Legal recognition for Muslim marriages in South Africa

For the past 28 years of our democracy Muslim marriages have not been recognised as valid under South African law. On the 28 June 2022, the Constitutional Court handed down a landmark judgment in the matter of Women’s Legal Centre Trust v President of The Republic of South Africa and Others to confirm an order of the Supreme Court of Appeal which recognizes marriages solemnized in accordance with Sharia law (Muslim marriages) as valid marriages and declares certain sections of the Marriage Act and Divorce Act unconstitutional.

Background
In the past the only way for Muslim marriages to be recognised was to register the marriage as a civil marriage where the marriage was solemnised before a registered marriage officer either in terms of the Marriage Act 25 of 1961 or the Civil Union Act 17 of 2006. If not, the marriage was not valid and the parties were considered “unmarried” with the resultant proprietary consequences being of a couple married out of community of property excluding the accrual system. Without legal protection however, many Muslim woman and their children were left vulnerable and could not enjoy the same rights and remedies afforded to woman and their children in civil marriages.
The WLCT first brought an Application to the Western Cape High Court in 2014 praying for legislation that would recognise and regulate Muslim marriages in South Africa within 12 months, alternatively to declare the Marriage Act, Divorce Act and the Recognition of Customary Marriages Act inconsistent in so far as they failed to recognise the validity of Muslim marriages. In 2018, judgement was handed down by the High Court in favour of the WLCT. The High Court held that the President and Cabinet had failed to fulfil their constitutional obligations in terms of section 7(2) of the Constitution which requires the South African state to “respect, protect, promote and fulfil the rights in the Bill of Rights” and to enact legislation to recognise and regulate Muslim marriages. 
The State later appealed the judgment and lost with the Supreme Court of Appeal ruling that in failing to recognise Muslim marriages, both the Marriage Act and the Divorce Act contravenes fundamental constitutional rights of equality; dignity; best interests of the child; and access to courts. The Constitutional Court brought finality to the matter by confirming the SCA judgment.

Findings at Con Court
• The common law definition of marriage is declared to be inconsistent with the Constitution to the extent that if fails to recognise Muslim marriages as valid. The common law definition of marriage is extended and now includes Muslim marriages.
• The Marriage Act and the Divorce Act are declared to be inconsistent with sections 9, 10, 28 and 34 of the Constitution in that they fail to recognise marriages solemnised in accordance with Sharia law, as valid and to regulate the consequences of such recognition. 
• The following sections of the Divorce Act is declared unconstitutional:
1.  Section 6 of the Divorce Act is declared inconsistent with the Constitution as it fails to safeguard the interests of minor children in relation of their care and maintenance at the time of dissolution of the Muslim marriage.
2. Section 7(3) of the Divorce Act is unconstitutional insofar as it fails to regulate the division of assets on the dissolution of a Muslim marriage in a way that is just and equitable, as it offers women in civil marriages.
3.  Section 9(1) of the Divorce Act fails to make provision for the forfeiture of the patrimonial benefits of a Muslim marriage, in the same or similar way as it does in case of other marriages.

Legal Implications
The Constitutional Court suspended the declarations of invalidity for 24 months to allow for the legislation to be amended or to adopt legislation that gives sufficient recognition to Muslim marriages. Pending this, the following applies:
• All Muslim marriages which had been terminated in terms of Sharia law as at 15 December 2014, and legal proceedings have not been finalised on date of this order, being 28 June 2022, such marriage may be dissolved in accordance with the Divorce Act.

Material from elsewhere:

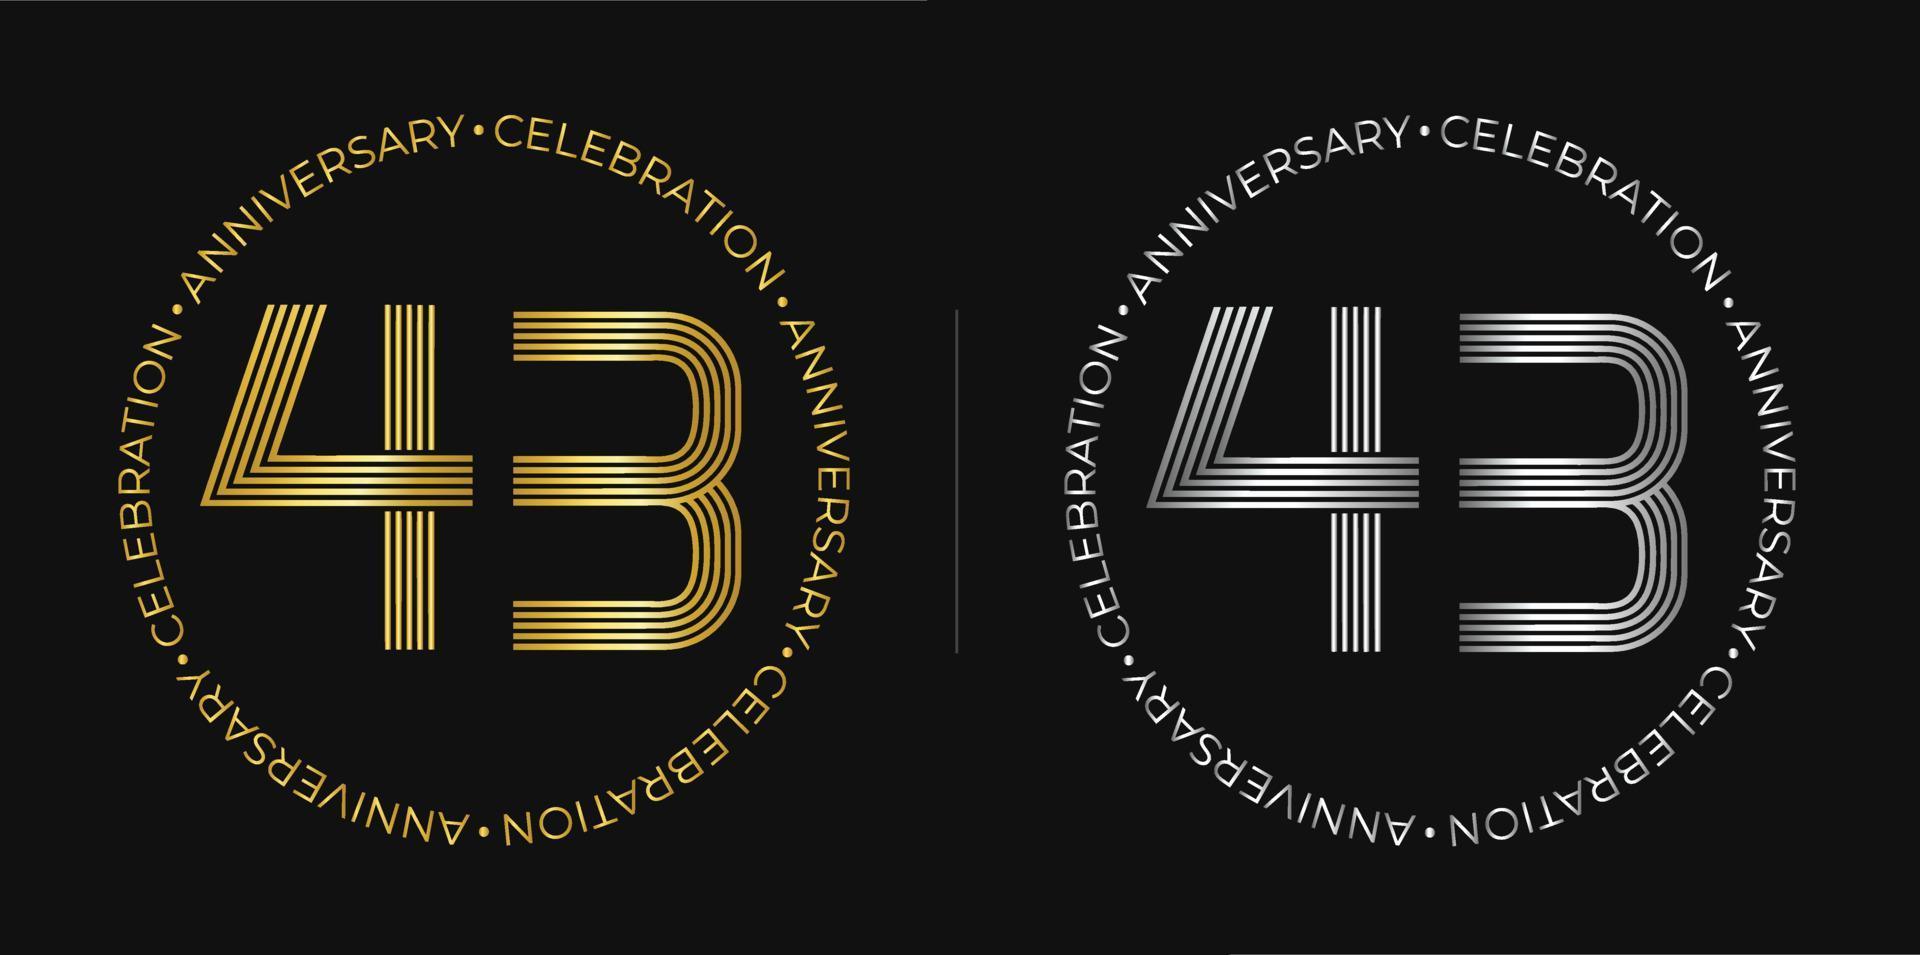 43 cumpleaños. banner de celebración de aniversario de cuarenta y tres años en colores dorado y plateado. logo circular con diseño de números originales en líneas elegantes. vector
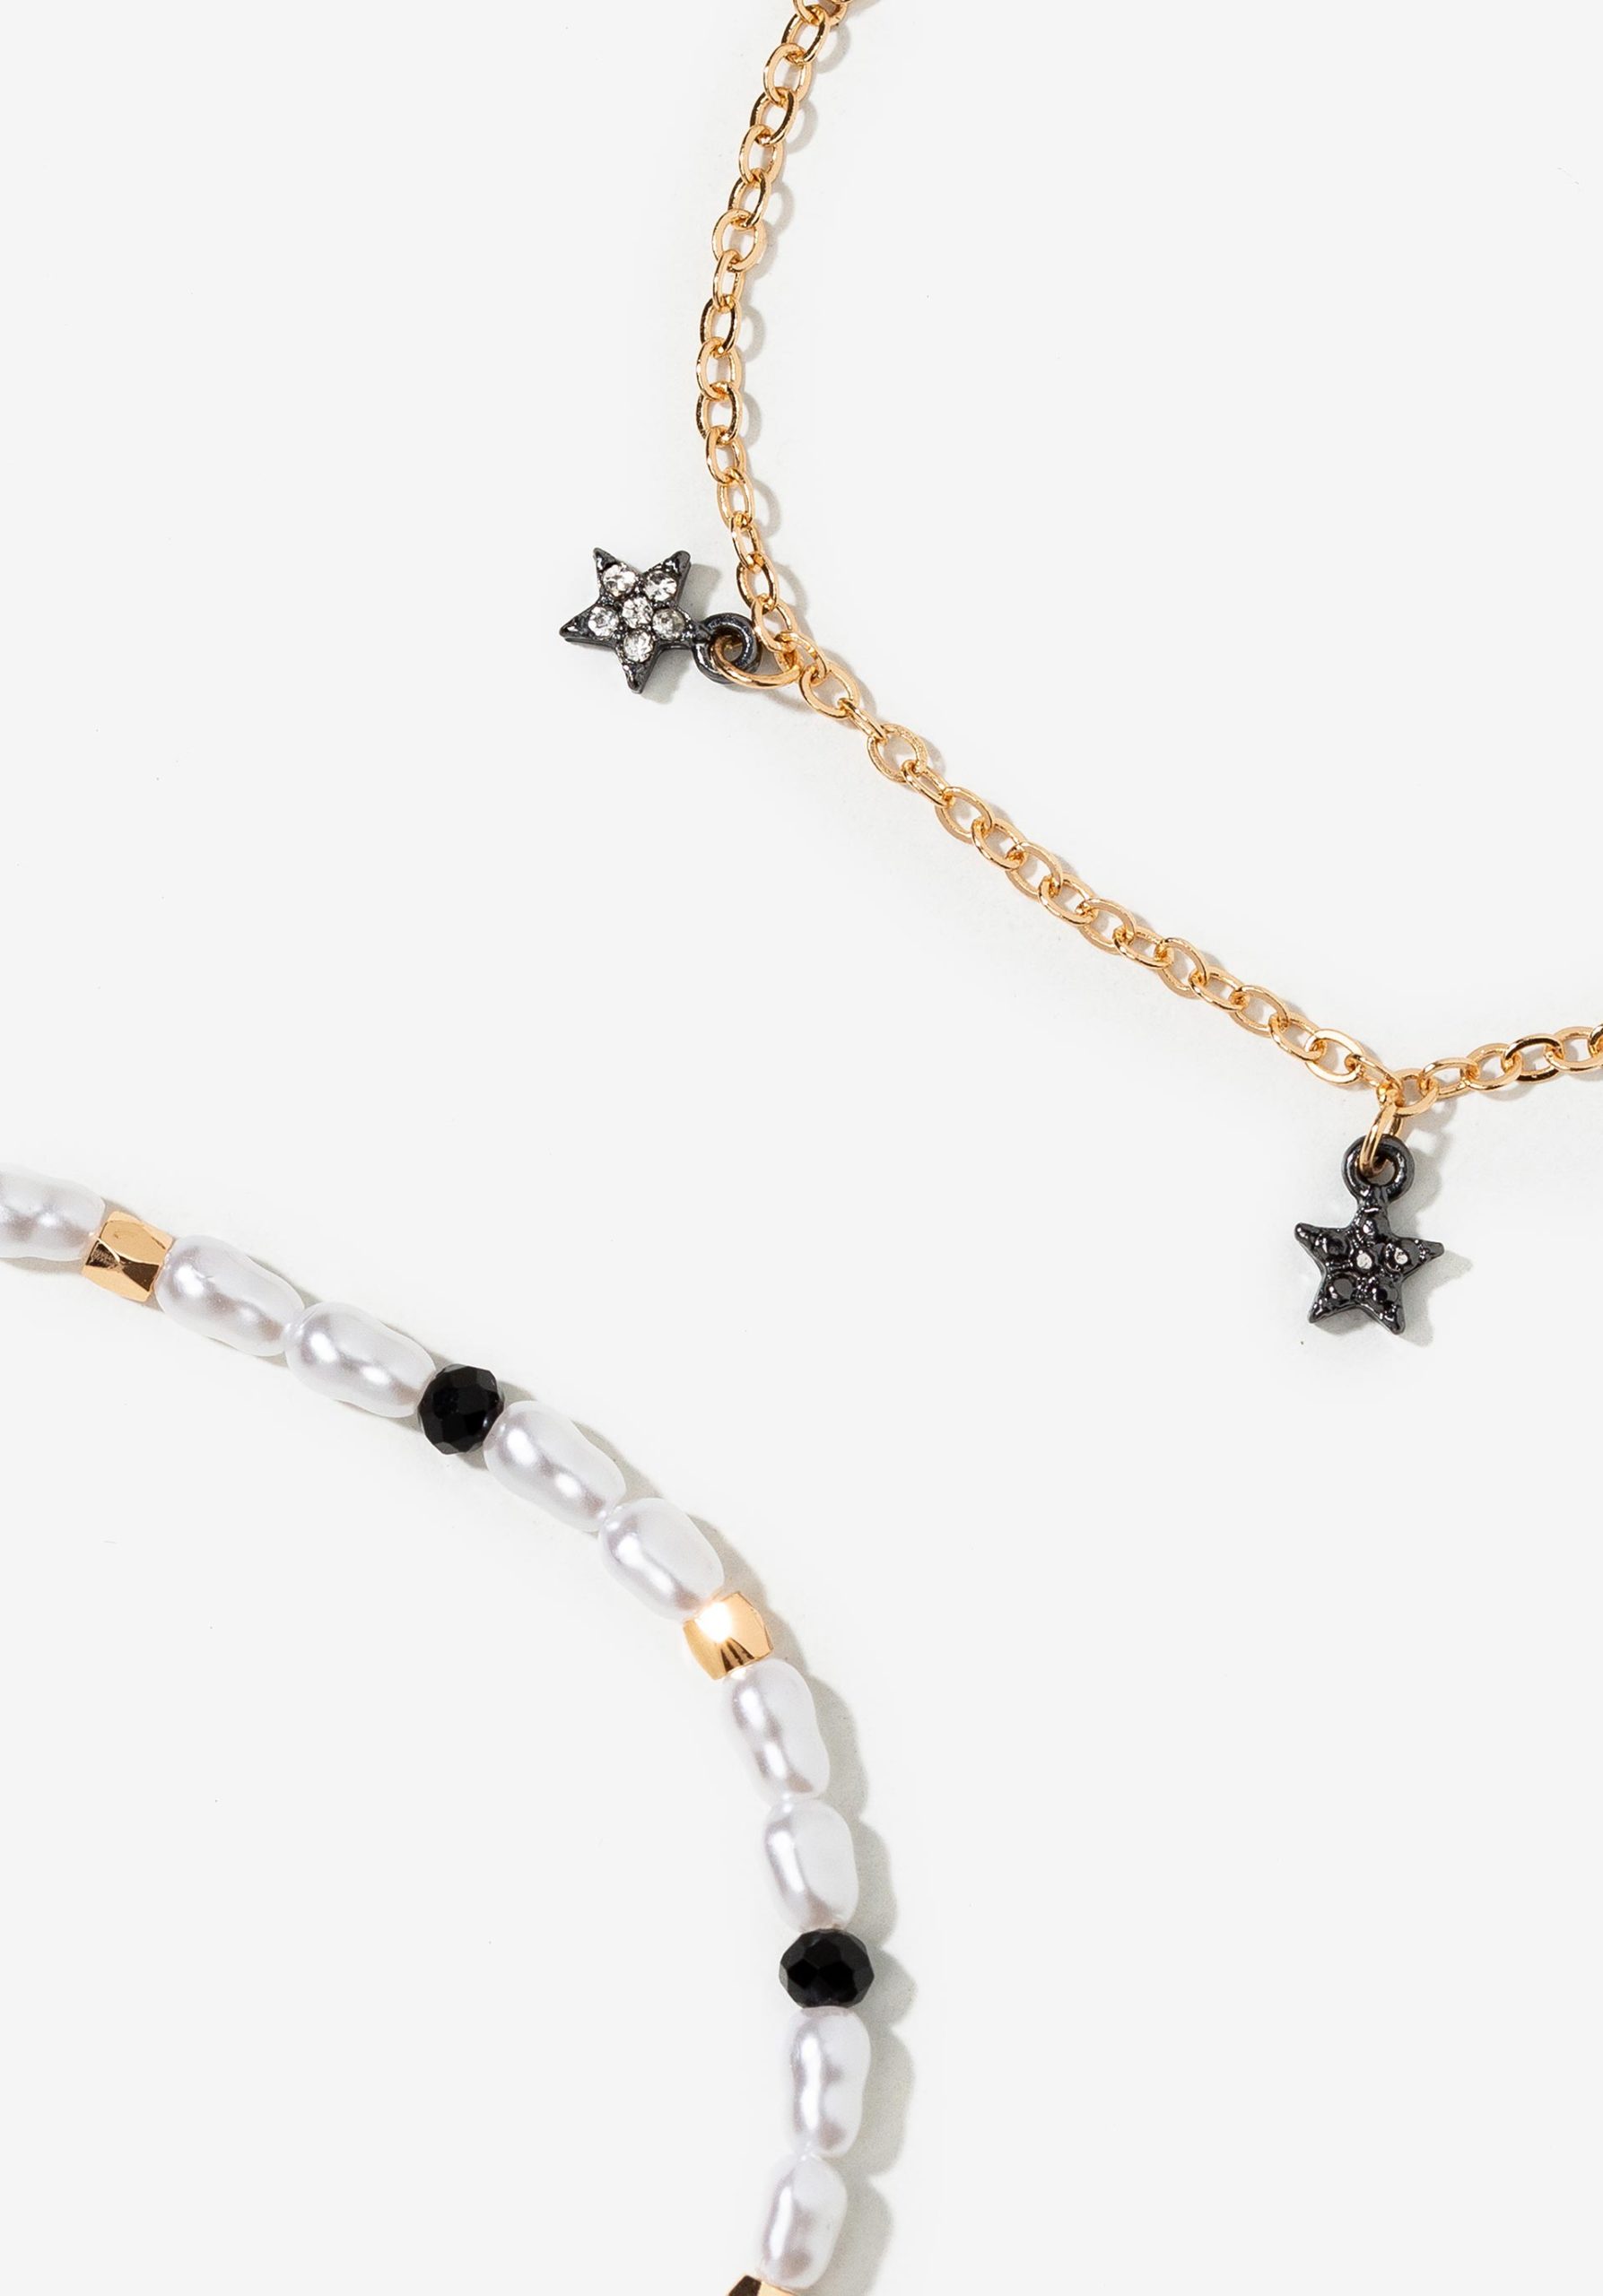 Pack de dos pulseras de perlas y estrellas, modelo 71006877 de Vilanova.

• By implication, if the Muslim marriage was dissolved in accordance with Sharia law at any time prior to 15 December 2014, and legal proceedings have been finally determined, the parties to the terminated Muslim marriage will not be entitled to relief in terms of the provisions of the Divorce Act.

• The provisions of the Divorce Act shall apply to all marriages concluded in terms of Sharia law from 15 December 2014 as if they are out of community of property, except where parties have agreements to the contrary. Therefore, the parties to the Muslim marriage may invoke the provisions of the Divorce Act, including maintenance for a spouse and minor children, custody, guardianship of, or access to a child and forfeiture of patrimonial benefits of the marriage.

• The provisions of section 7(3) of the Divorce Act, dealing with redistribution of assets, shall apply to Muslim marriages regardless of when the marriage was concluded.

• In the case of a polygamous Muslim marriage the court shall take into consideration all relevant factors, including any contract or agreement between the relevant spouses, and must make any equitable order that it deems just; and may order that any person who in the court’s opinion has a sufficient interest in the matter be joined in the proceedings. 

The judgment has been cited as a step in the right direction towards the recognition of Muslim marriages. Equally important however, is the understanding that Sharia law has not yet been implemented as part of South African law. It will be interesting to see how this will be brought to fruition in governing Muslim marriages, whether through the amendment of existing legislation or the enactment of new legislation that will follow.